前話の締めをどうしようかと思慮している時に、徳島市で行われた、「吉野川稼動堰住民投票」の結果を知らせるニュースが飛び込んできた。そもそも投票数が50パーセントに満たなかった場合は、住民投票を無効とする限定付きの投票だった。結果、投票数は約55パーセントに達し、開票の結果は反対票が90パーセントを占めるに至った。投票率が50パーセントを越えた場合は反対派の勝利が予見されており、問題は投票率だというのが大方の見方であった。
さて、ここからが秀コラム的分析である。まず、反対票が投票数の中の圧倒的多数であるのは紛れもない事実であるが、市民の90パーセントが反対を表明したわけではない。賛成派はそもそも勝負に勝てないと判断して棄権を選んだのである。このことは新聞でもフォローしてあり、「反対票は全有権者のほぼ半数」と紹介している。面白いのはこれをまた逆説的に考えることである。賛成票は9,367票であった。これと無効票(1,870票)を足した数を投票数から引いてみよう。もう分かった人がいるかもしれないが、反対の票数が全体の過半数に達していないと言うことは、賛成に票を投じた人やわざわざ投票に行って白票を投じた人々が投票に行かなかったならば、この投票は不成立で、実質賛成派の勝利となっていたということである。地元の人々はこんな計算もやるだろうが、新聞やニュースではここまで伝わって来ない。変な話であるが、賛成派は「もっと熱心にボイコットしておけば」と、さぞ、悔しがったことだろう。

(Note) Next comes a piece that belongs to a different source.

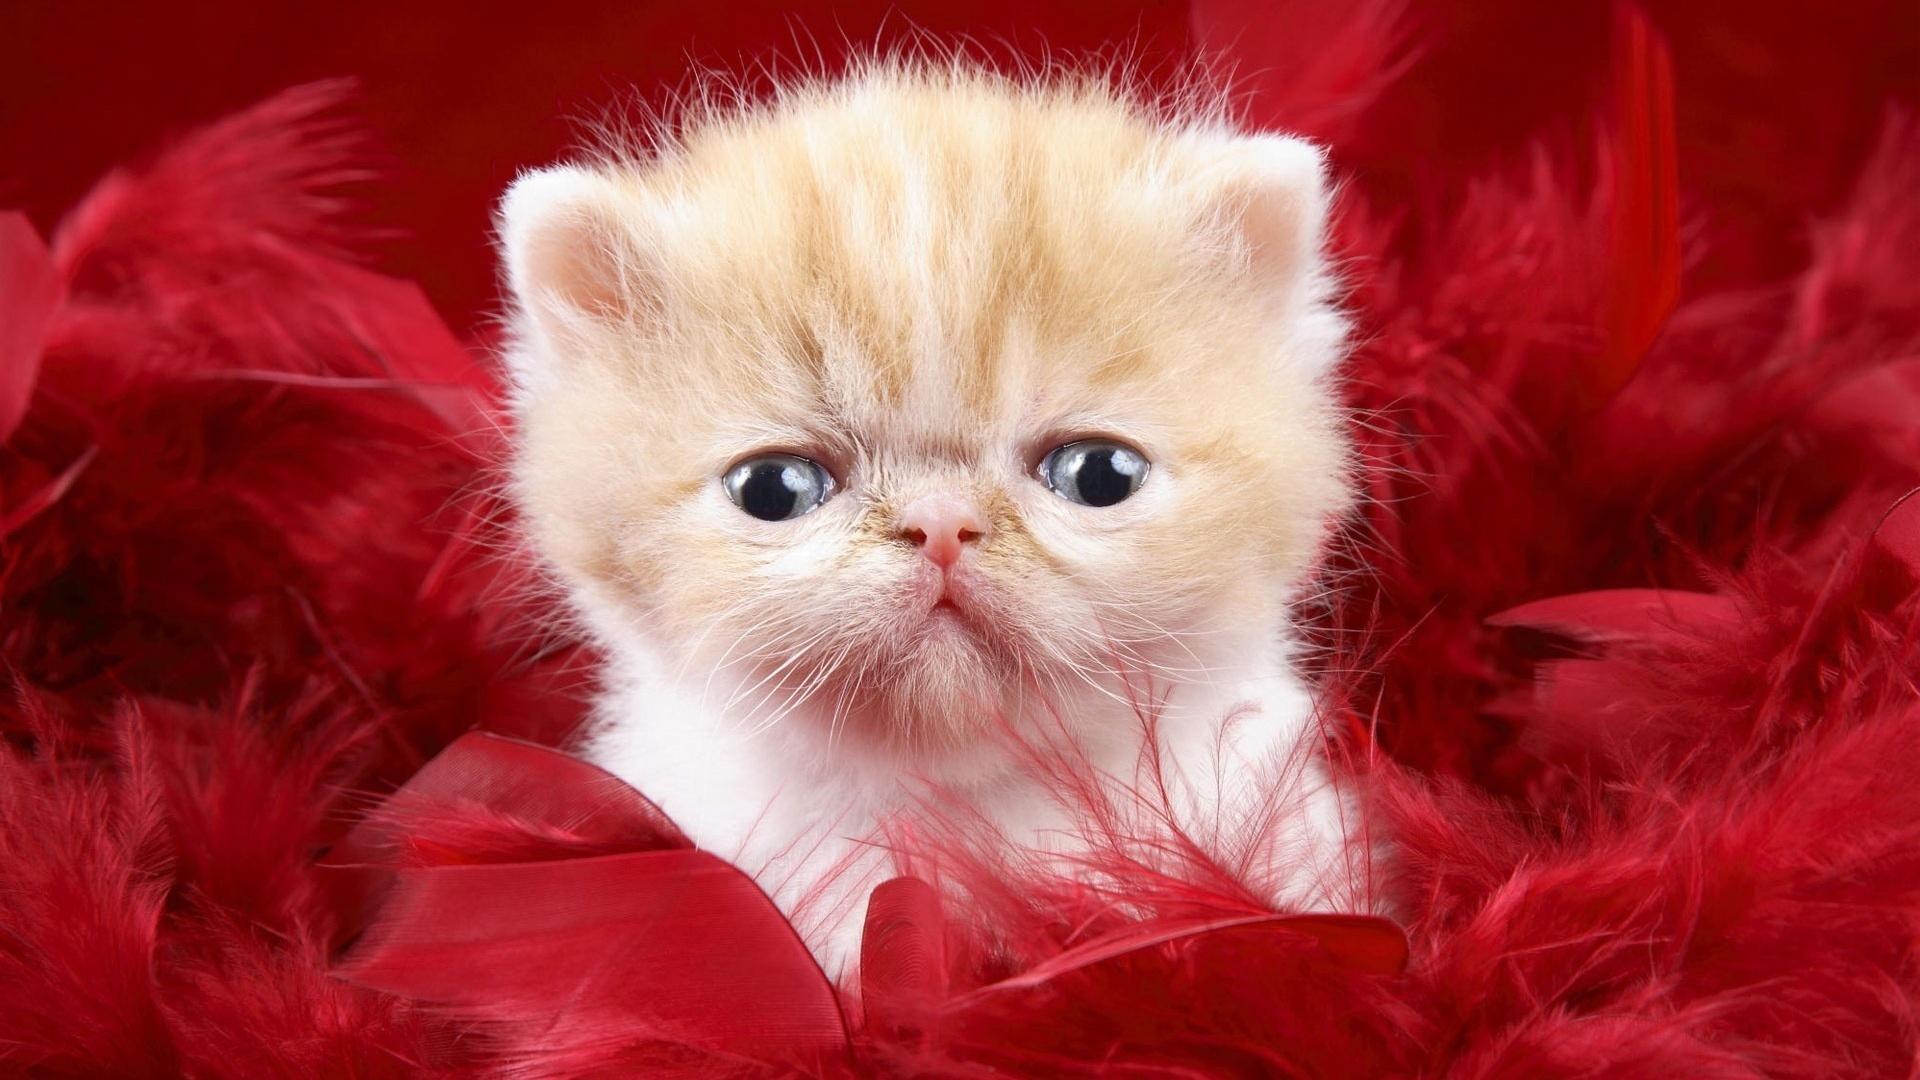 Jordan Carver Best Cats Fluffy Hd Kitty Walls Kitten 526164 Wallpaper wallpaper

そもそも投票率が50パーセントに満たないと開票しないというルール自体が卑怯であるが、ことあるごとに法的拘束力のない住民投票を行うのはいかがなものかと思う。本来その様な住民の意志は選挙で示すもので、住民投票で決めるようなら政治家はいらないし、政治家の責任をますます曖昧にしてしまう。そして、選んだ側も無責任と言える。「首相公選制」というのは確かに聞えは良いが、その後の政情を思えば甚だ不安である。今回の例では反対派は議会の解散と市長のリコールというのが民主主義の手続きとしてはもっとも正当な手法だったと思う。開票後の記者会見で市長が「市民の意思として、反対」を表明したが、建設省からの天下り市長が選挙で支持してくれていた賛成派を裏切ったわけで、かと言って反対派が今後この市長を支持するのかは疑問である。結局、一番の痛手を負ったのは政治生命を断たれた、この市長だったかもしれない。この市長も選挙で選ばれたからには、かつては多数派であったはずだ。正しいことが数の論理でそう簡単に変わるものかと不思議でたまらない。本質はもっと根深いのだろう。きっと。
【おことわり】
私は吉野川稼働堰の是非について述べるほど、事態が理解できていない。市民活動をはじめ、地元でどのような活動が行われていたかも把握していない。本稿はマスコミで伝えられている範囲の情報を元に書いている。